J'arrête le prochain moto-taxi et me fais conduire aux inka-banos. Ce sont des bains thermaux où les Incas ont pris plaisir. De la culture inca, il ne reste pas grand-chose. Il y a des douches privées carrelées en bleu où l'on peut se baigner. Et il y a une piscine à température tiède.
Je me dépêche d'acheter une serviette et un maillot de bain, on me désigne une cabine pour me changer et je nage quelques longueurs. Il n'y a que quelques autres nageurs dans l'eau. Un père apprend à son fils très obèse à nager, un groupe de quatre personnes veut jouer au water-polo, mais le maître nageur les rappelle. Le temps est limité à une demi-heure. C'est certainement raisonnable, car le rythme cardiaque peut ne pas en supporter autant.
Je me lasse bientôt, je sors de l'eau et, dans une courbe à gauche, je frappe l'arrière de ma tête sur les carreaux hyper glissants. Des péruviens inquiets viennent vite, puis le maître nageur. Je ne me suis rien fait, j'ai juste peur d'avoir une blessure à la tête et je demande : sangre ? J'obtiens un non en retour et je commente les carreaux superdoux. Il y a bien une trace rugueuse de deux carreaux de large, en cas de manque de chaussures de bains, répond le maître nageur. Je lui réponds que je suis un pauvre aleman et que je n'ai pas de chaussures de bains... rires soulagés. Il ne reste qu'un léger mal de tête, qui disparaît dans l'après-midi.
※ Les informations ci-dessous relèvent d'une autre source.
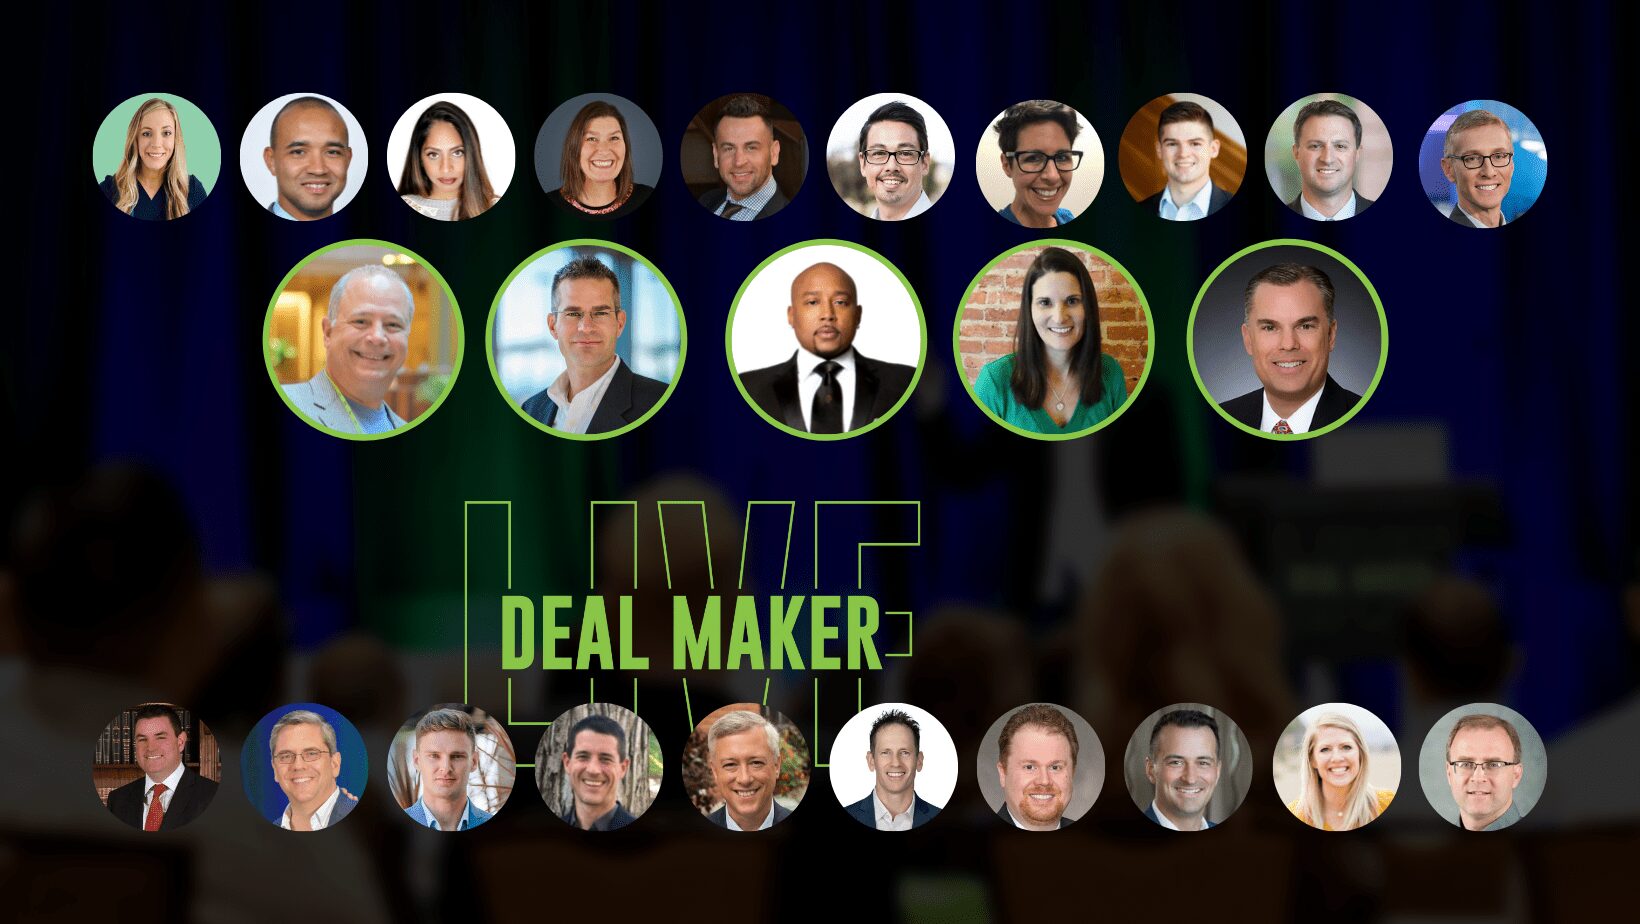 Why Should You Come to Deal Maker Live?
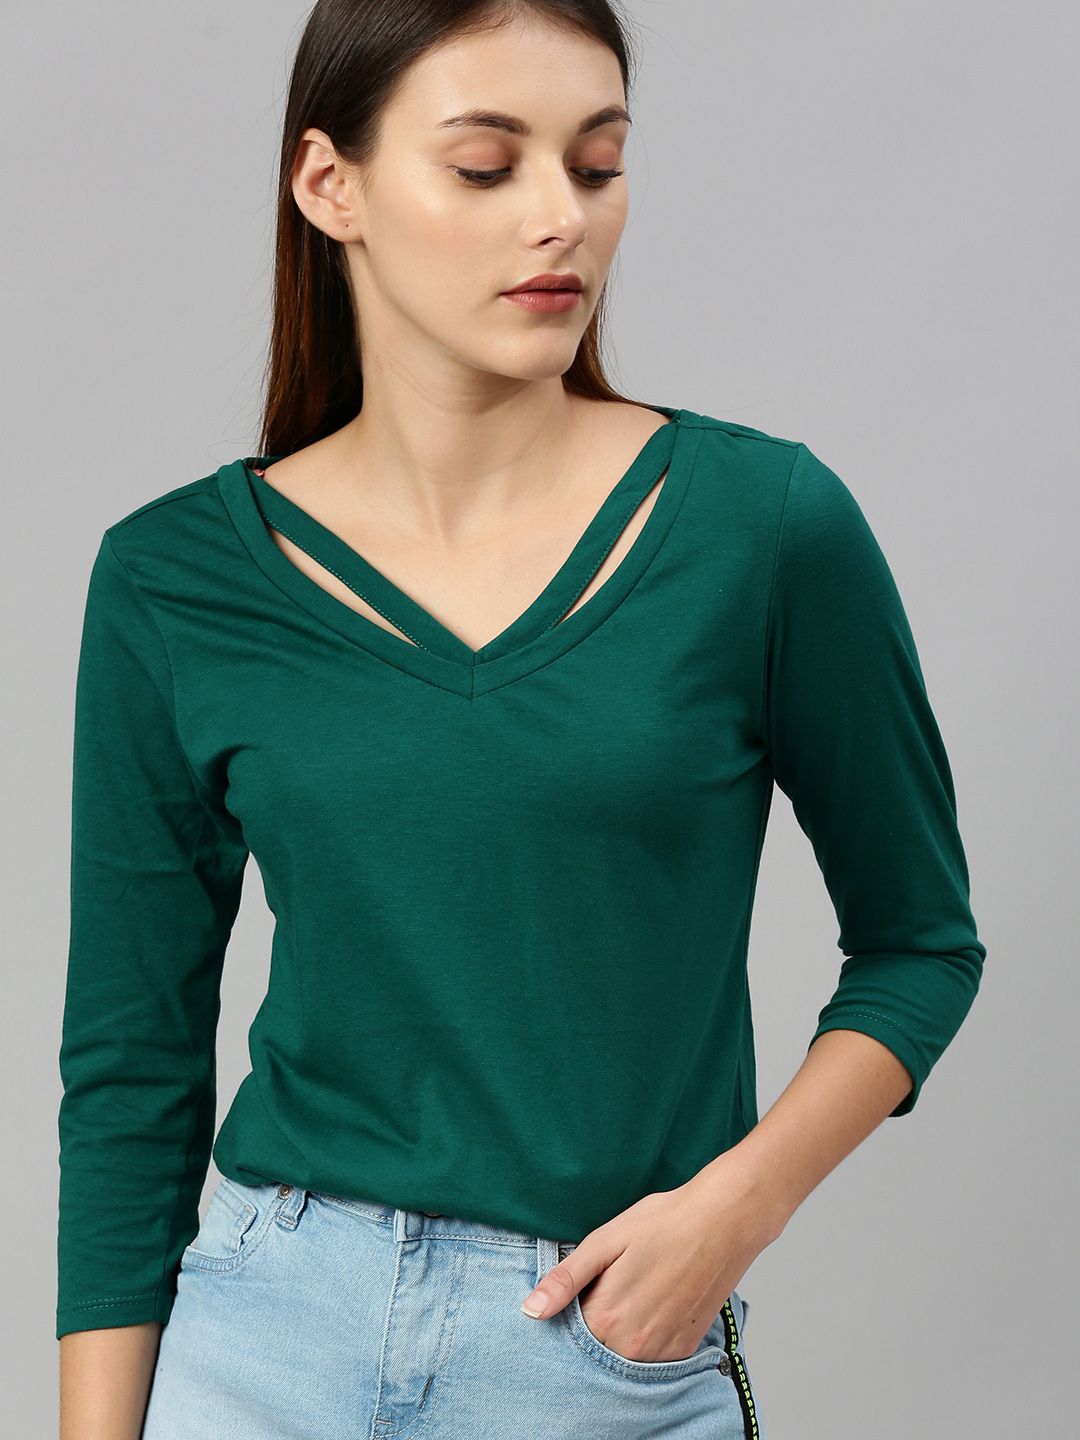 Roadster Women Green Solid Styled Neck Top Price in India

en toute discrétion, je classe le spa inca comme un coup marketing. Ils souhaitent que les touristes visitent la ville. Tout est moderne et fonctionnel, sans aucune trace de la culture inca.
Vers 14h30, je suis de retour à l'atelier. Pas grand-chose n'a changé. Les deux mécaniciens sont assis à l'intérieur frais et ombragé et essaient de rendre le verrou de contact opérationnel. Une nouvelle pièce a été montée, mais elle ne s'adapte pas encore correctement. Avec un cutter, ils essaient de l'adapter au verrou .
Cela ne semble pas très prometteur. Je me rends à mon destin. Il ne me reste pas d'alternative. Finalement, le montage commence - le résultat n'est pas celui prévu. Elle démarre, mais elle ne s'éteint pas. Des heures passent avant que les deux ne me montrent comment je dois tourner, presser et secouer la clé pour que le moteur s'éteigne. Ce n'est pas possible, je pense. Mais je dois y faire face et donc simplement développer le bon feeling. Le coffre à gants reste fermé.